-- Problem details --
Each line of the data must be written out again verbatim; no image belongs in the copy.

-- Data section --
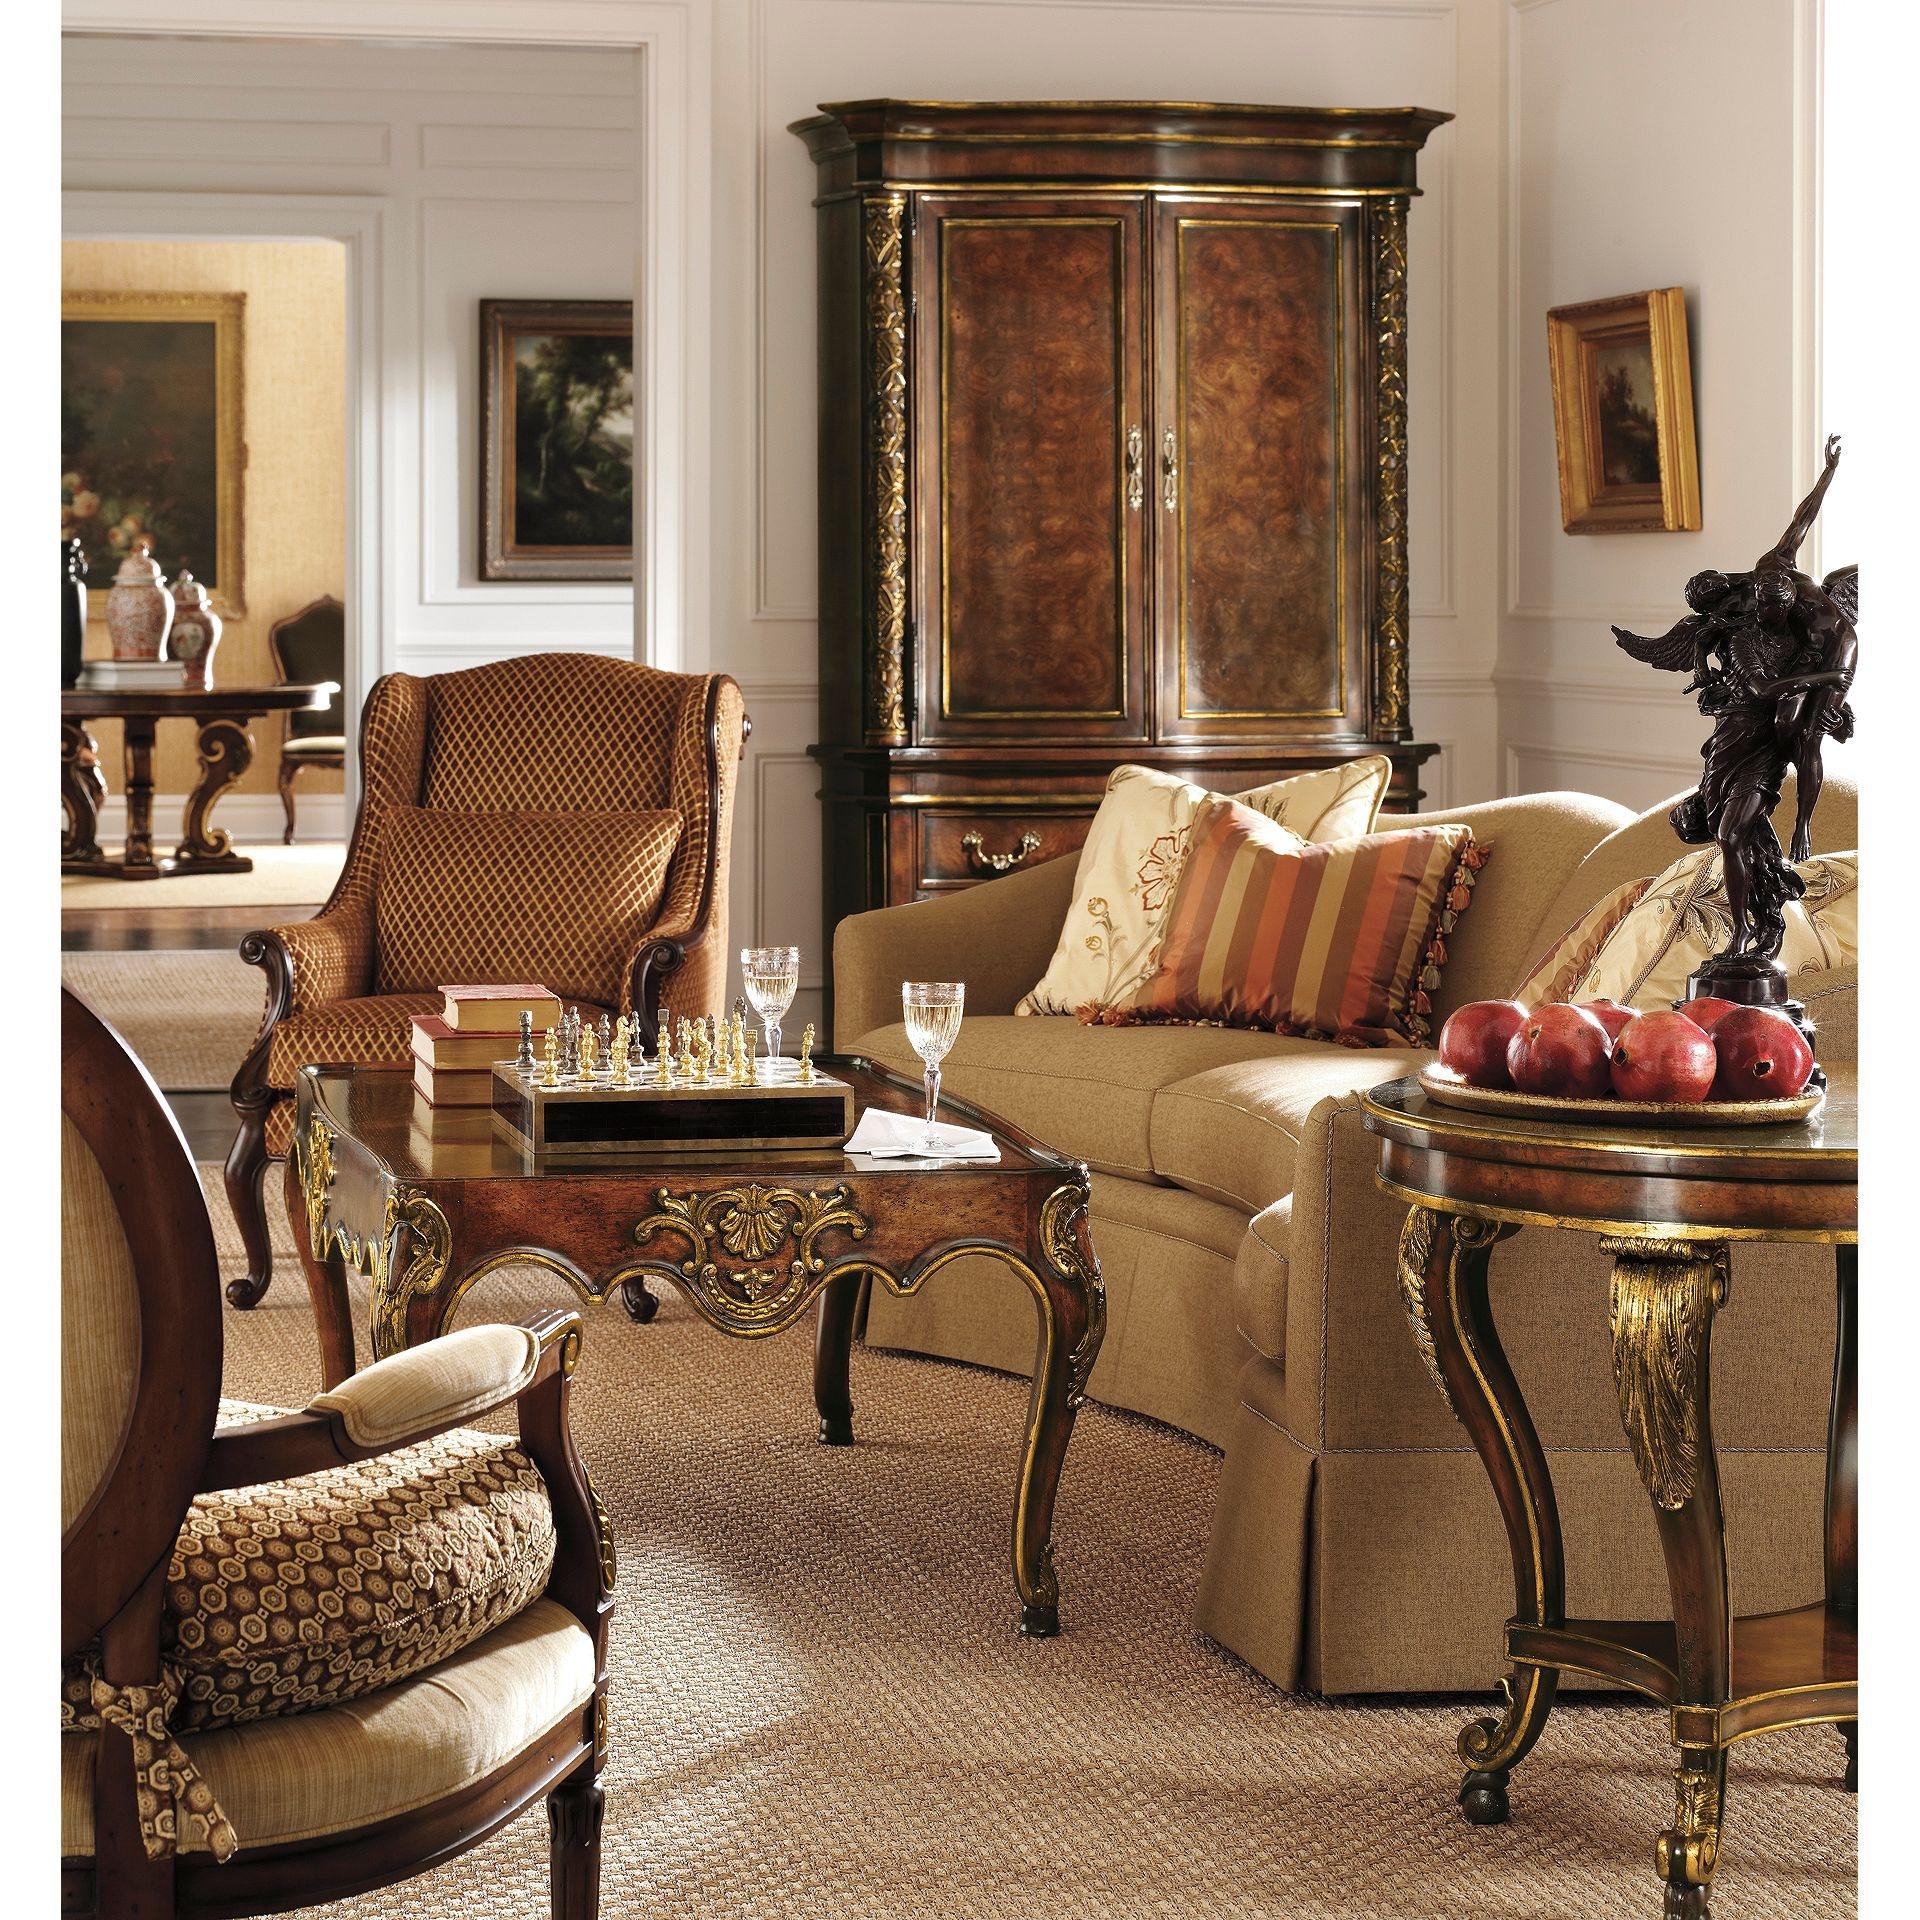 Henredon Furniture Henredon Upholstery Reflections Wedge Sofa H0814 W
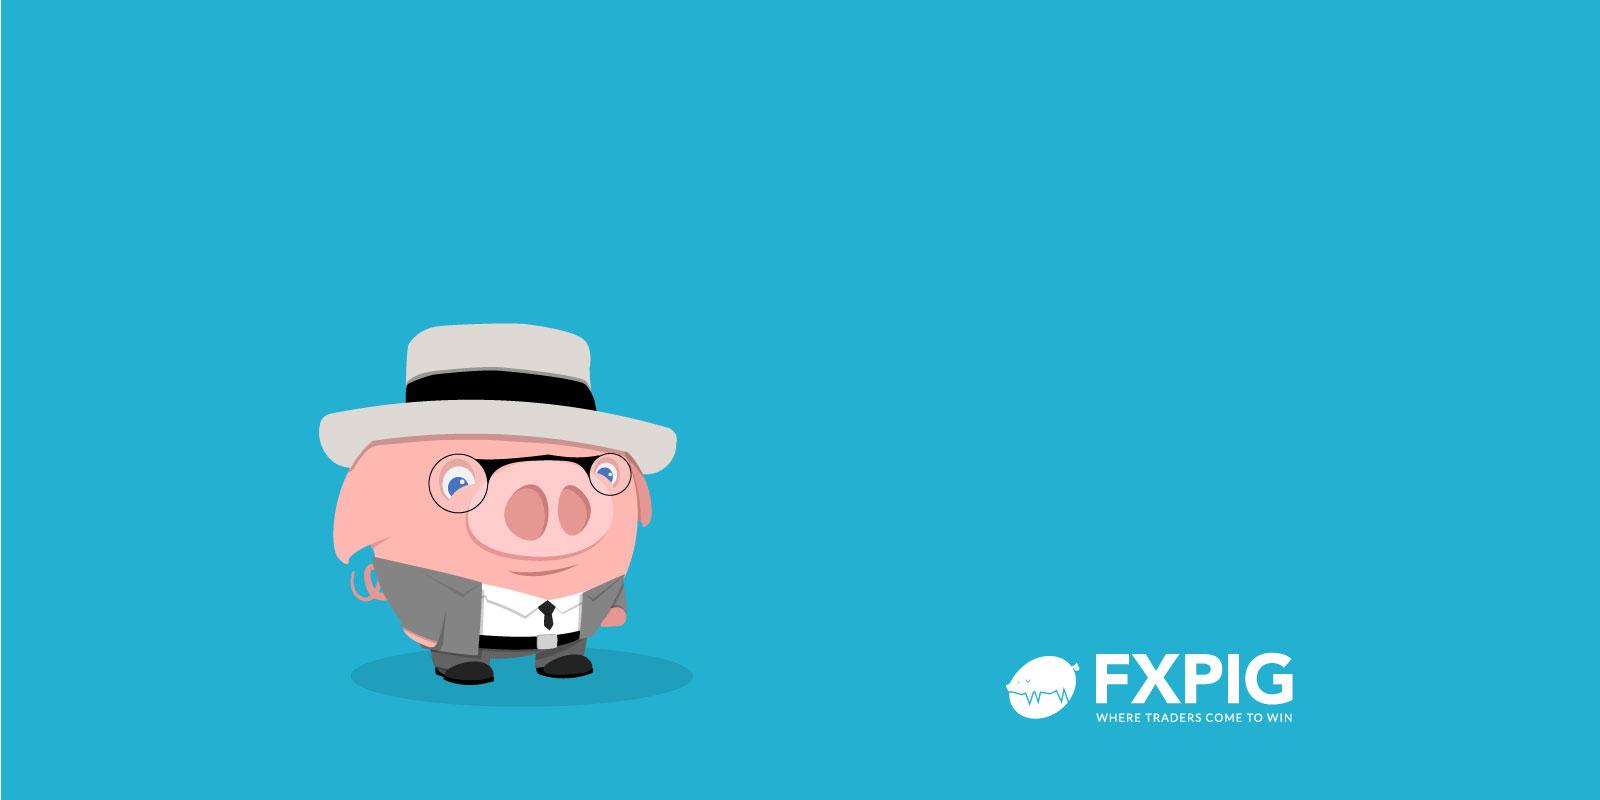 FOREX_FXPIG_Making-money_Jesse-Livermore
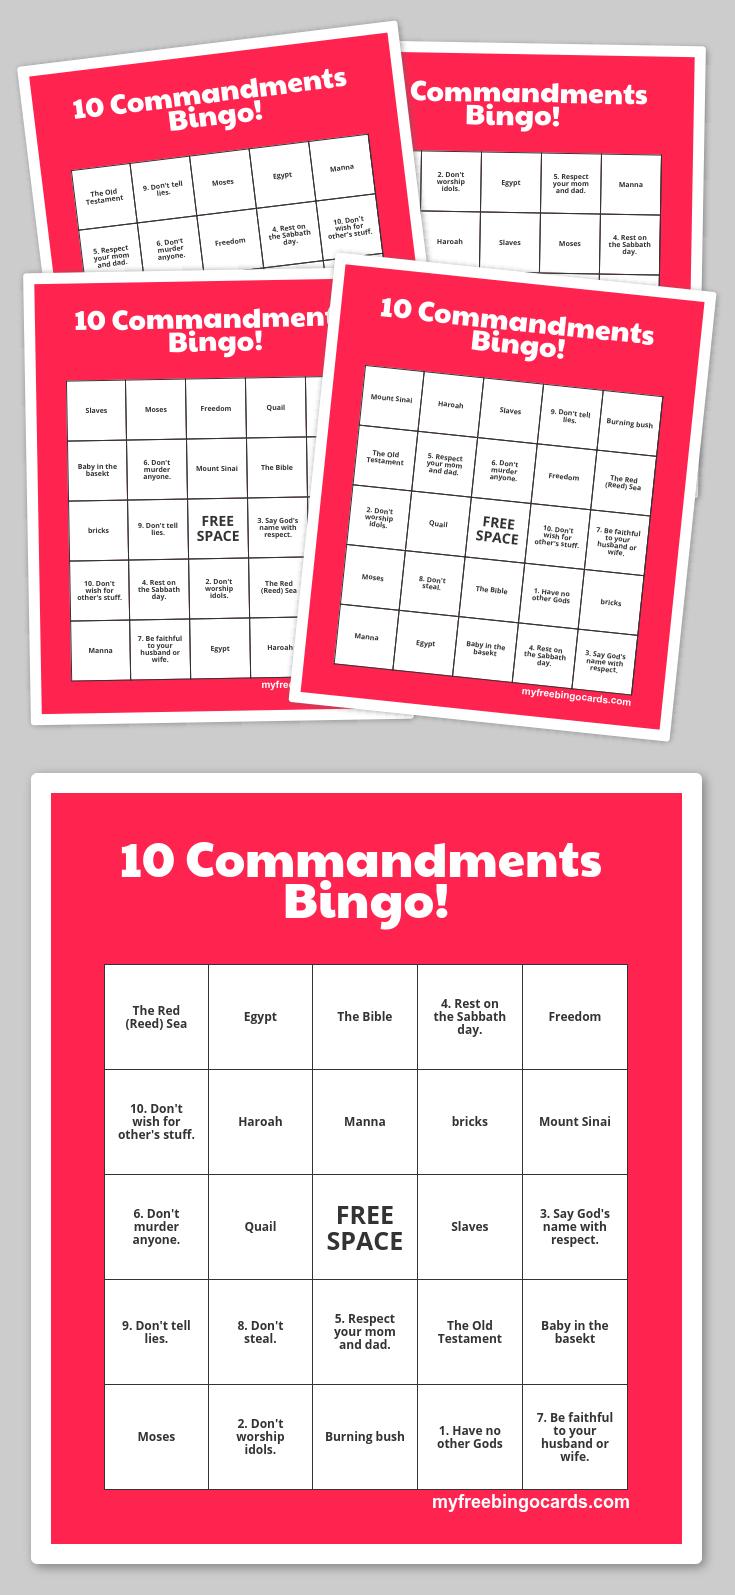 Free Printable Bingo Cards | The 10 Commandments | Sunday School - Free Printable Bible Bingo For Preschoolers
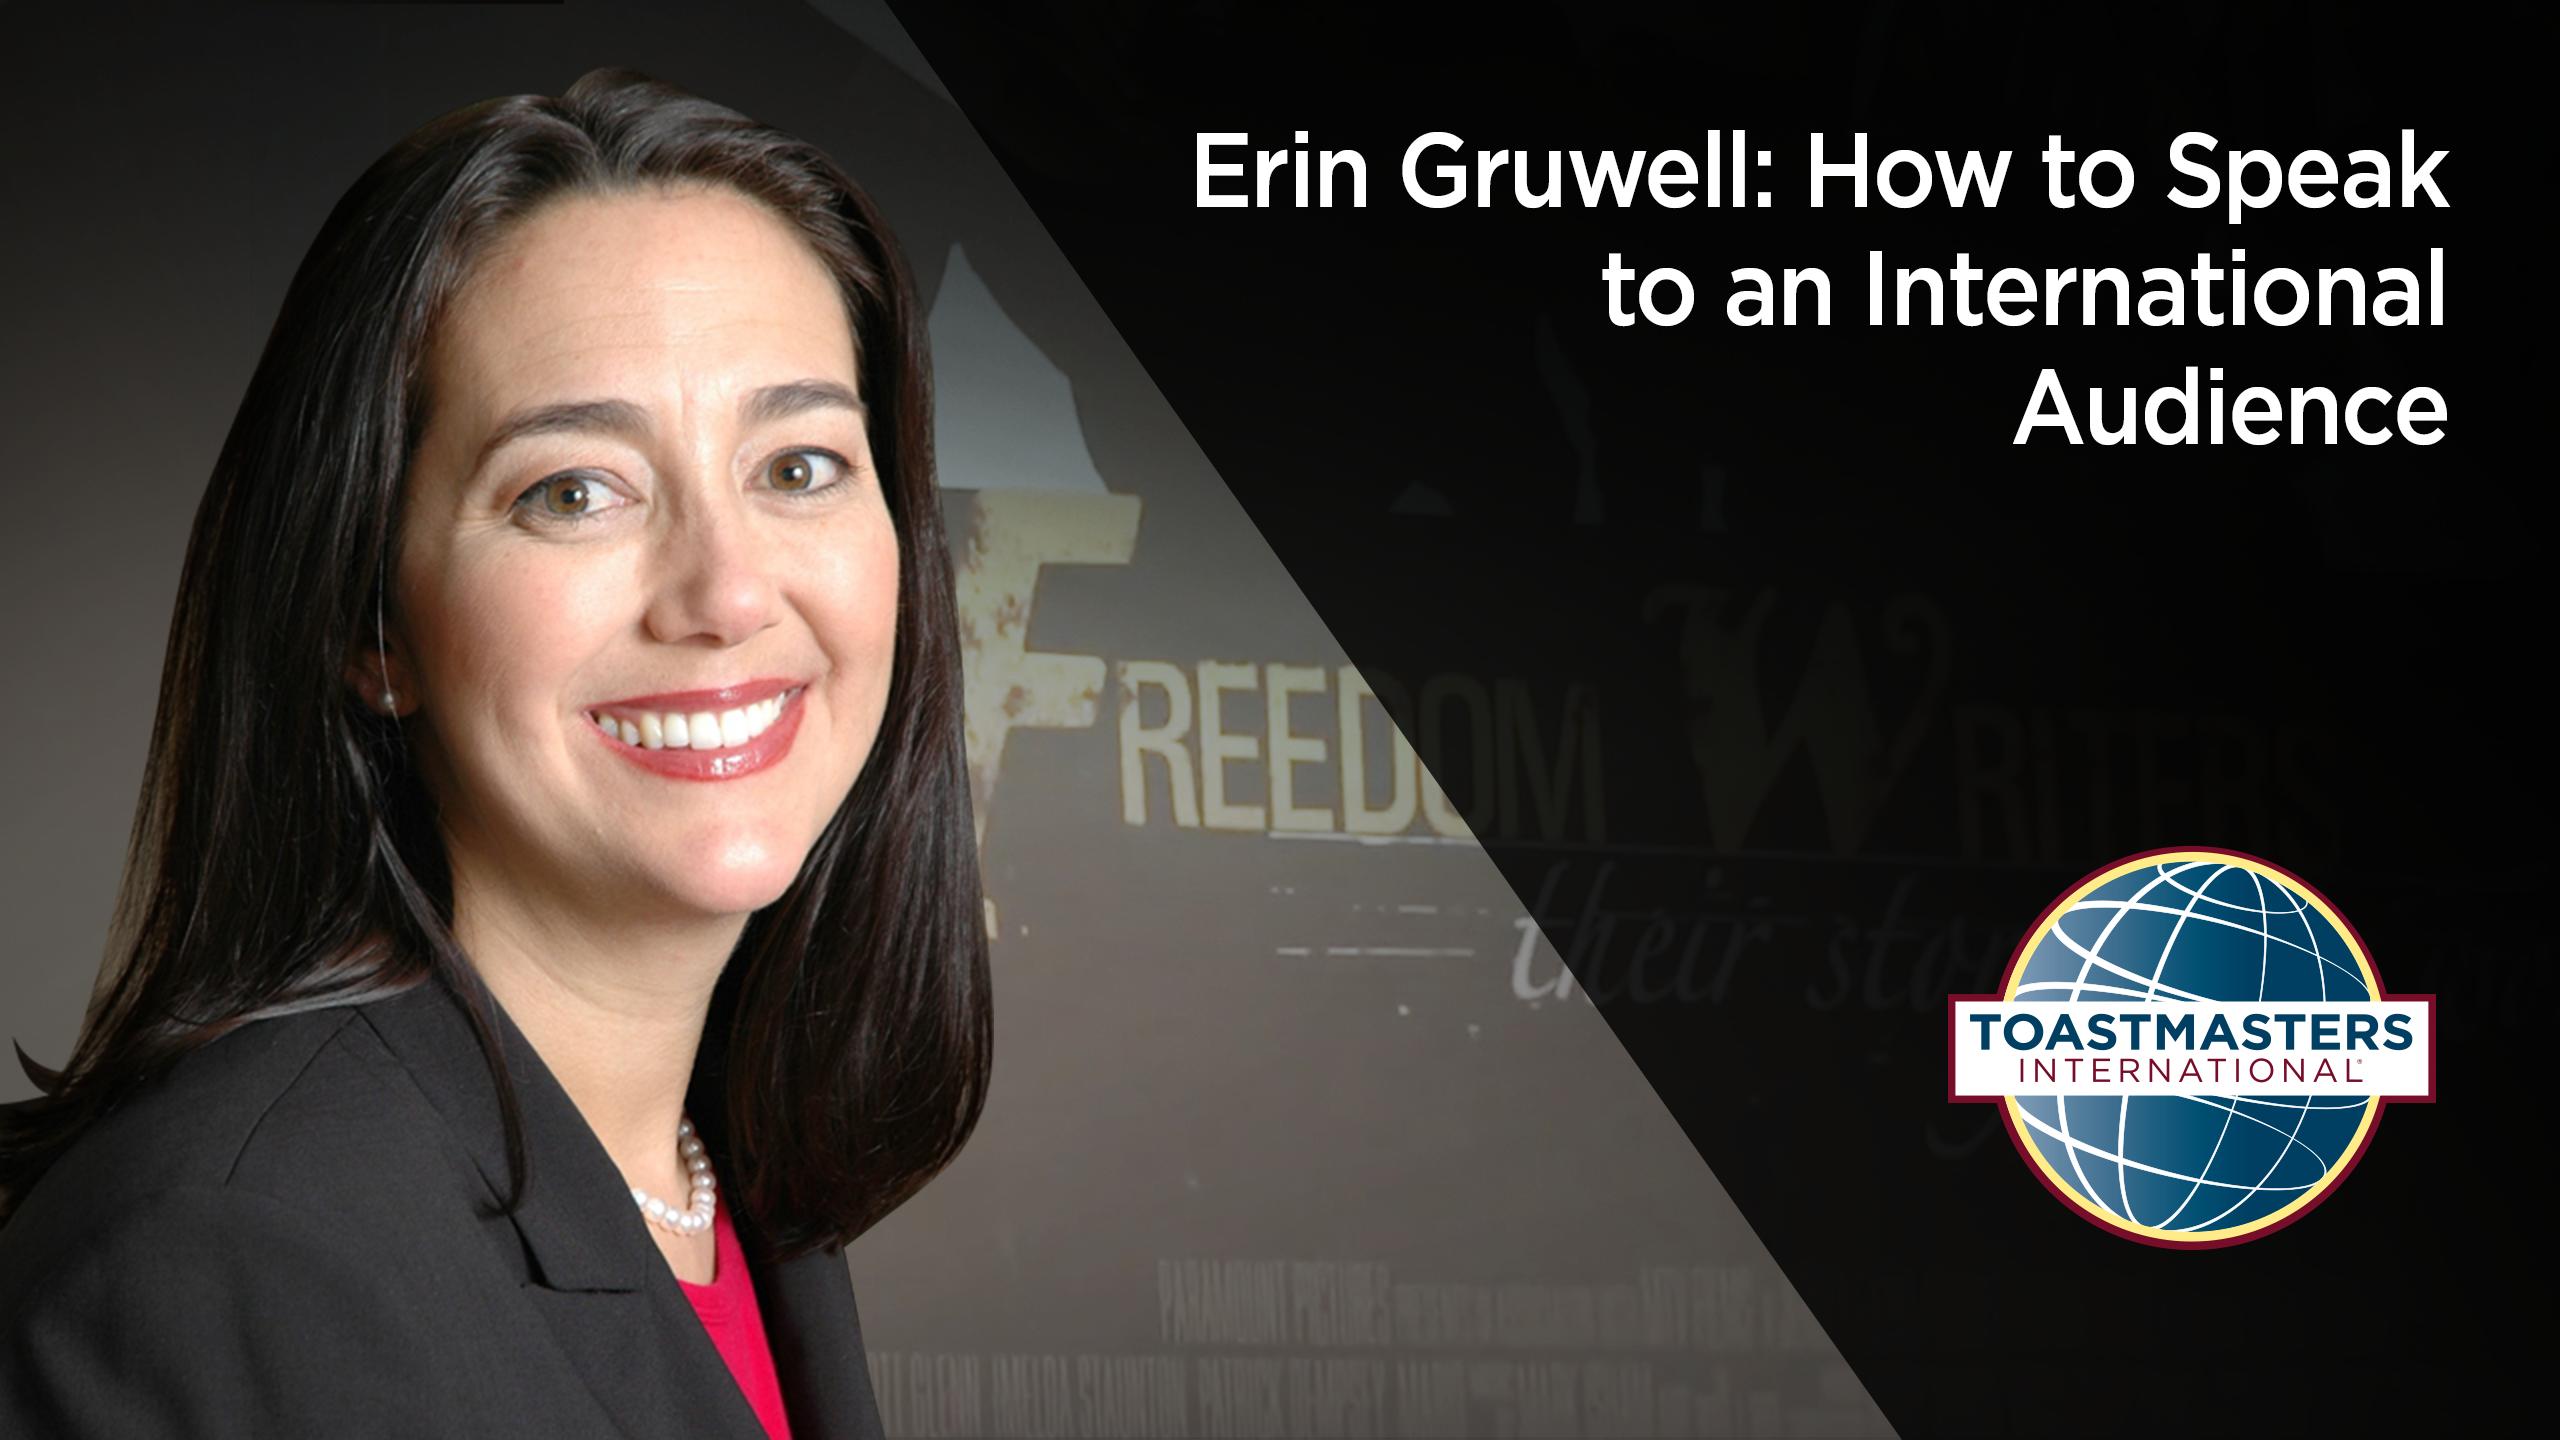 Erin-Gruwell-How-to-Speak-to-an-International-Audience

-- Answer space --
 Henredon Furniture Henredon Upholstery Reflections Wedge Sofa H0814 W
 FOREX_FXPIG_Making-money_Jesse-Livermore
 Free Printable Bingo Cards | The 10 Commandments | Sunday School - Free Printable Bible Bingo For Preschoolers
 Erin-Gruwell-How-to-Speak-to-an-International-Audience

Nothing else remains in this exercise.